# Bummer lamb question??



## RedBrush Farm (Mar 22, 2014)

A friend had a ewe have a lamb yesterday 5am. and she had no milk. I took him and gave colostrum etc. as I had read. ( I've never raised one) My question is..... 
I had a ewe who gave birth to twins a little over a week ago and she left one in the field and I didn't find it in time. She has tons of milk. I put her and her lamb in a jug yesterday with the bummer. She initially butted him when he would try to nurse. This morning I event to feed him and he is not "yelling", totally warm, wagging tail and was not totally "empty". Cory is no longer agressivly butting him away and he did not take his full bottle. Do you think she will take him? How long should I leave them in jug to find out? Is there anything else I can do?
All help appreciated! Thanks in advance..... Also, for those who helped me out when the vet wanted to put down Mrs.
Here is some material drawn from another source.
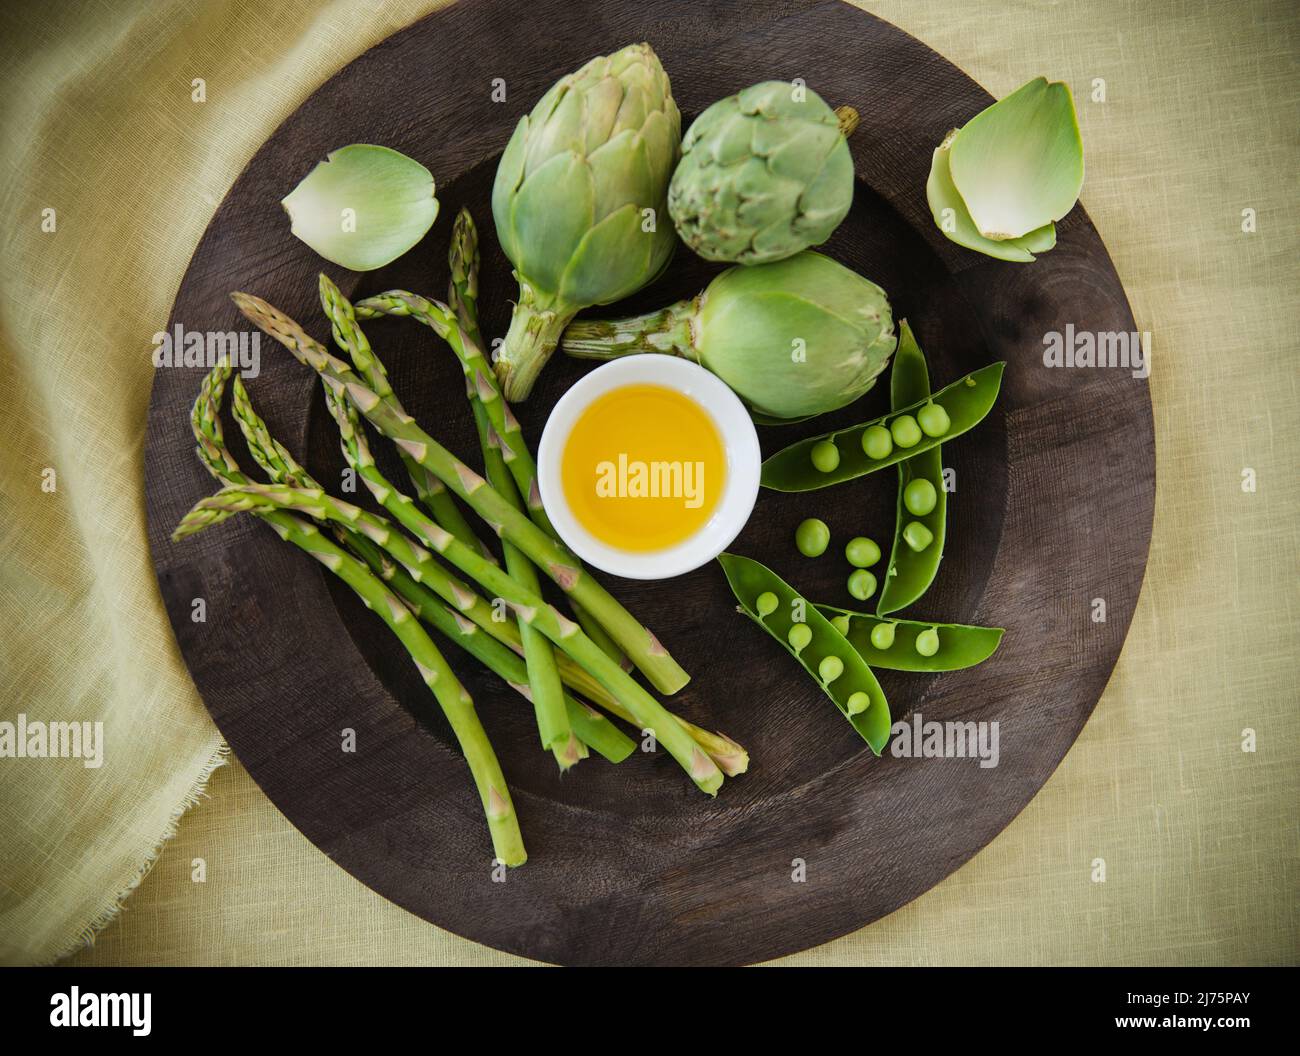 Verduras verdes mezcladas con aceite de oliva; espárragos, alcachofas y guisantes Foto de stock

Kay - she is FINE thanks for telling me to wait it out.......


----------



## purplequeenvt (Mar 22, 2014)

I'd leave them together as long as the ewe is not being aggressive to him. Sounds like she might have let him nurse. Good luck!


----------



## M.L. McKnight (Mar 22, 2014)

I haven't had any experience with sheep (yet) but I might have something for you to try. When I need to switch around some pigs for whatever reason, I give the sow a quick squirt of lysol right in the snout. Then I mist the babies real quick and the 'new additions'. As long as she can't smell the difference she doesn't care. Its not the nicest thing to do but I'd rather irritate a sow for a minute than lose a baby.
I have noticed with my goats that they smell the kids' butts when they start to nurse, I kept that in mind when I needed to find a new goat momma for a kid (this one's momma had triplets and was a tiny thing). Instead of doing the lysol trick, I rub the doe's kid on the butt then rubbed all over the new kid. I squirted a bit of her milk on him and then rubbed her kid's butt all over the new one. Then I watched. She did the sniff test and after looking confused for a minute she ended up letting the baby nurse and raise it as her own. 
If your ewe is claiming the lamb then that is awesome, if you get worried or it happens again keep these tricks in mind.


----------



## Bossroo (Mar 23, 2014)

Old shepard's trick...  smear some of the dead offspring's poop all over the rear end of the orphan. Or,  skin out like a pull over sweater the dead offspring's hide and place  it over the new orphan.   Smells like the mamma's own offspring and adoption done.


----------